Other metrics and checks:
- R²: Represents the proportion of the variance in the target variable explained by the model.
- RMSLE: Penalizes underestimates more and is useful if values vary exponentially (e.g., fantasy points).
- MAPE / SMAPE: Percentage errors, but beware divide-by-zero issues.
- Quantile Loss: Train models to predict intervals (e.g., 10th, 50th, 90th percentile outcomes).
- Residual vs. Predicted (plot): Check for heteroscedasticity.
Again, let’s focus on a subgroup of them.
R² Score
Also called the coefficient of determination, it compares a model’s error to the baseline error. A score of 1 is the perfect fit, a 0 means that it predicts the mean only, and a value below 0 means that it’s worse than mean prediction.
from sklearn.metrics import r2_score
r2 = r2_score(y_test, y_pred)
I got a value of 0.0557, which is pretty close to 0… Not good.
RMSLE
The Root Mean Squared Logarithmic Error, or RMSLE, measures the square root of the average squared difference between the log-transformed predicted and actual values. This metric is useful when:
- We want to penalize under-prediction more gently.
- Our target variables are skewed (it reduces the impact of large outliers).
from sklearn.metrics import mean_squared_log_error
rmsle = np.sqrt(mean_squared_log_error(y_test, y_pred))
I got a 0.19684 which means that my average prediction error is about 0.2 goals. It’s not that big but, given that our target variable is a value between 0 and 4 and highly skewed towards 0…
Quantile Loss
Also called Pinball Loss, it can be used for quantile regression models to evaluate how well our predicted quantiles perform. If we build a quantile model (GradientBoostingRegressor with quantile loss), we can test it as follows:
from sklearn.metrics import mean_pinball_loss
alpha = 0.9
q_loss = mean_pinball_loss(y_test, y_pred_quantile, alpha=alpha)
Here, with alpha 0.9 we’re trying to predict the 90th percentile.

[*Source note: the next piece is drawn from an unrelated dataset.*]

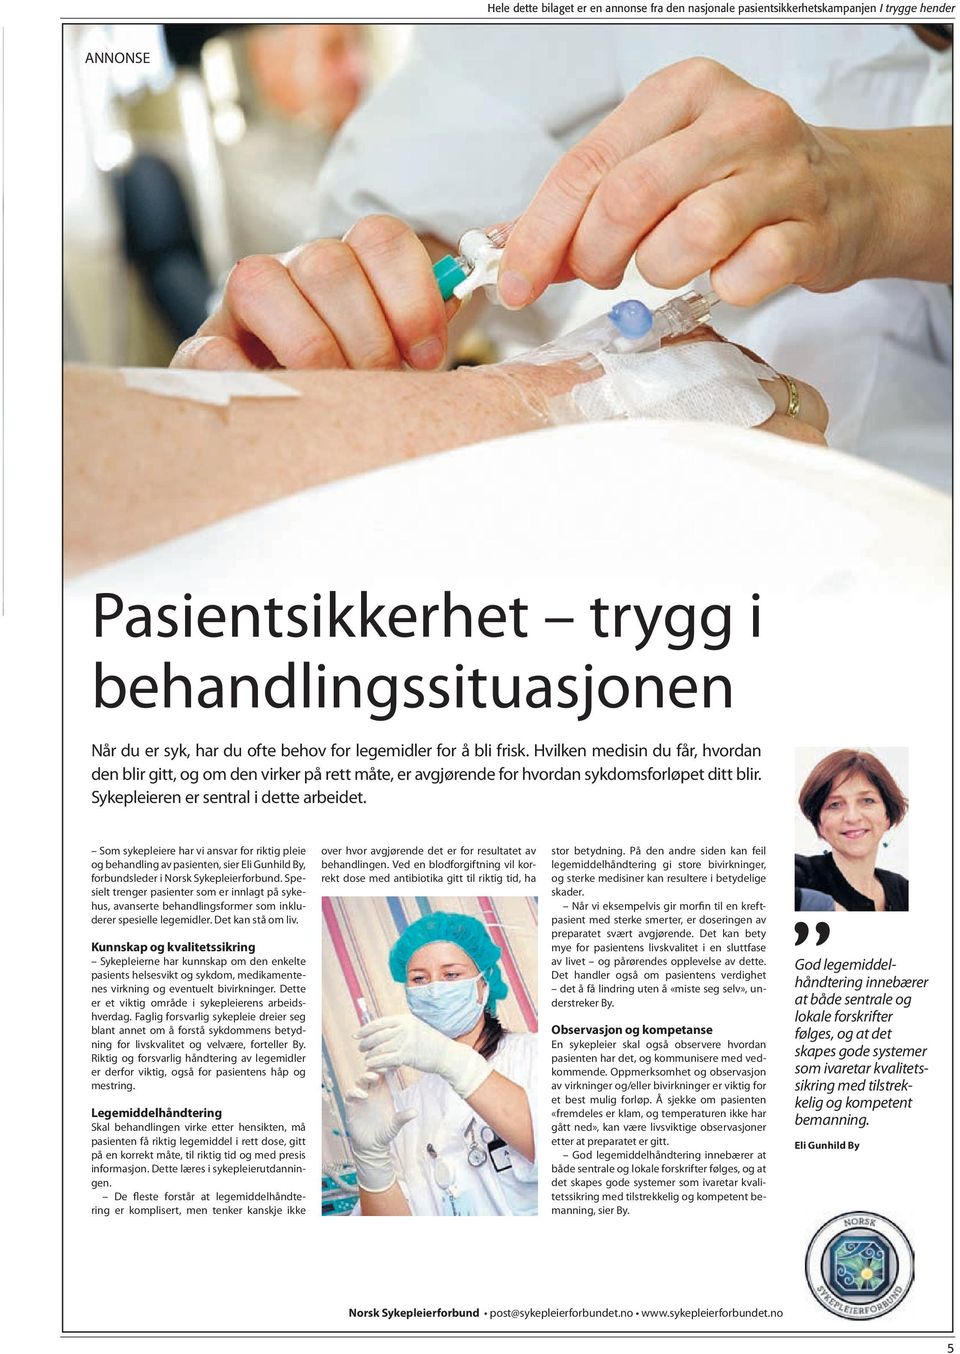 Som sykepleiere har vi ansvar for riktig pleie og behandling av pasienten, sier Eli Gunhild By, forbundsleder i Norsk Sykepleierforbund.
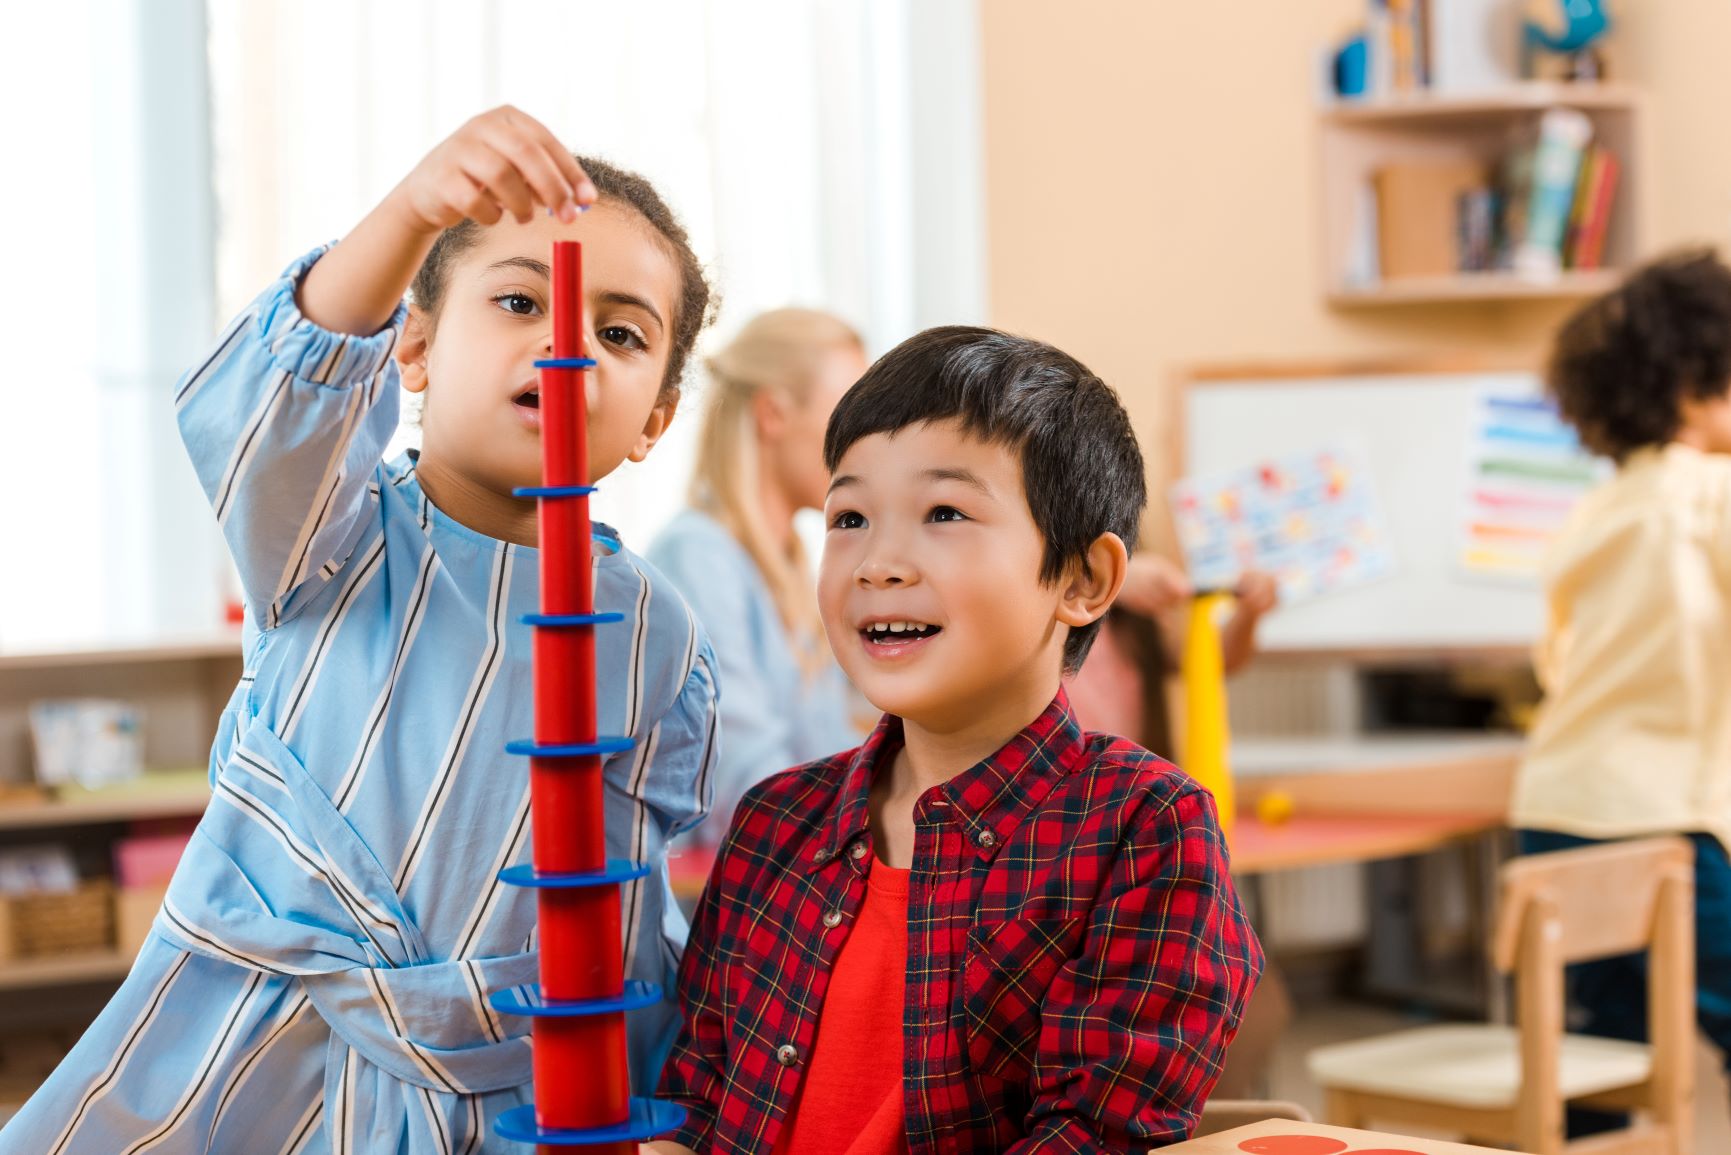 Montessori: Cuando los niños empiezan después de 6 años - Escuela Viva

My quantile loss is 0.0644 which is very small in relative terms (~1.6% of my target variable range).
However, distribution matters: Most of our y_test values are 0, and we need to interpret it as “on average, our model’s error in capturing the upper tail is very low“.
It’s especially impressive given the 0-heavy target.
But, because most outcomes are 0, other metrics like the ones we saw and mentioned above should be used to assess whether our model is in fact performing well or not.
Conclusion
Building predictive models goes far beyond simply achieving “good accuracy.”
For classification tasks, you need to think about imbalanced data, probability calibration, and real-world use cases like pricing or risk management.
For regression, the goal is not just minimizing error but understanding uncertainty—vital if your predictions inform strategy or trading decisions.
Ultimately, true value lies in:
- Carefully curated, temporally valid features.
- Advanced evaluation metrics tailored to the problem.
- Transparent, well-visualized comparisons.
If you get these right, you’re no longer building “just another model.” You’re delivering robust, decision-ready tools. And the metrics we explored here are just the entry point.